杜月恆顧不上搭話,只是點點頭,目光直視,帶著舒慈沿著迴廊左拐右拐,急匆匆地往前走。

舒慈這才反應過來,這鴻臚寺少卿杜月昇不正是杜月恆的兄弟嗎?這人兄弟慶生,他卻跑到拂花樓祭奠一個歌伎?思及此,她不由得猶疑地掃了他一眼。

「我素來與兄長不睦,」杜月恆好似感覺到她的眼神,沉下臉道,「又最討厭這酒席宴會,應酬接待、逢場作戲、迎來送往,有什麼好玩的?我是真心將牡丹姑娘當朋友,心裡難過,才去了拂花樓。」

說話間,兩人來到設宴大廳一側的迴廊,從這個角度堪堪可望見裡面,賓客們已經散作三三兩兩,正喝酒談天。

正座的男人模樣與杜月恆有六、七成的相似,只是臉型更方正,眼神銳利,多了幾分正氣凜然。

「那是我哥。」杜月恆抱著手,朝著那男人的方向抬了抬下巴,「他左手邊第三個便是我要你看的人,晁不疑。」

舒慈順著他的眼神望去,晁不疑一人獨坐,臉部輪廓立體,蓄著絡腮鬍,雙頰喝得通紅,雙眼微閉,似在休息。

舒慈皺了皺眉,「杜公子,我這異瞳是可以辨妖,但不是千里眼啊,這距離太遠,我看不清。

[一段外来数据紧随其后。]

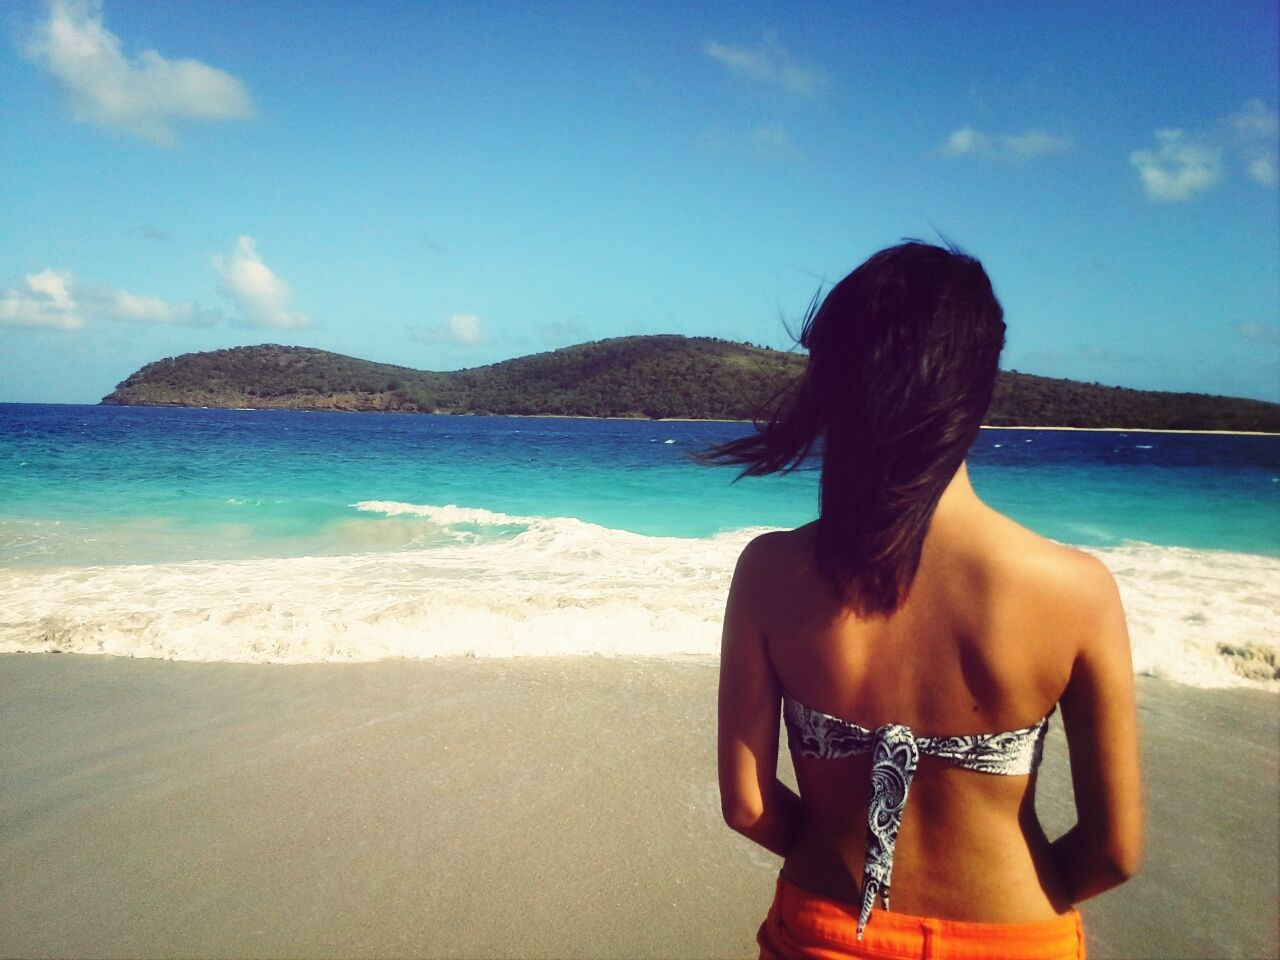 Finding my destiny That's Me Beach Enjoying The Sun Relaxing

」

杜月恆扁扁嘴,「那你要多近才能看清?要不,我一會帶你進去,就說你是拂花樓新來的舞伎,你便趁機看看?你想叫什麼花名?綠梅如何?」

「你帶我進去,我與晁不疑面對面,突然眼睛金光一閃,怕這一屋子的人都要當我是妖怪邪祟,像杜公子先前一樣,將我抓個正著,那可怎麼辦?」舒慈翻了個白眼。

「那一會我們跟在他後面。你能從後腦勺看嗎……」

杜月恆正同舒慈論得激烈,突然不響,望著大廳內,皺起了眉,露出極為困惑的表情。

只見,一個蒼白瘦高的男子正俯身在晁不疑耳邊說話,語畢,兩人便欲起身離席。

「怎麼了?」

「跟晁不疑說話的,就是牡丹提起過的那位公子……中書令高大人的兒子——高湛。」

聽了這話,舒慈一閃身,立刻跟上那兩人的身影。杜月恆緊隨其後,嘴裡嘟囔著,「我就說那個晁無疑有問題吧……」

杜月恆剛走出迴廊,便被熟人攔下,要寒暄兩句。舒慈不管他,全副精力都在那兩人身影上,大步流星,隨著他們走進了庭院。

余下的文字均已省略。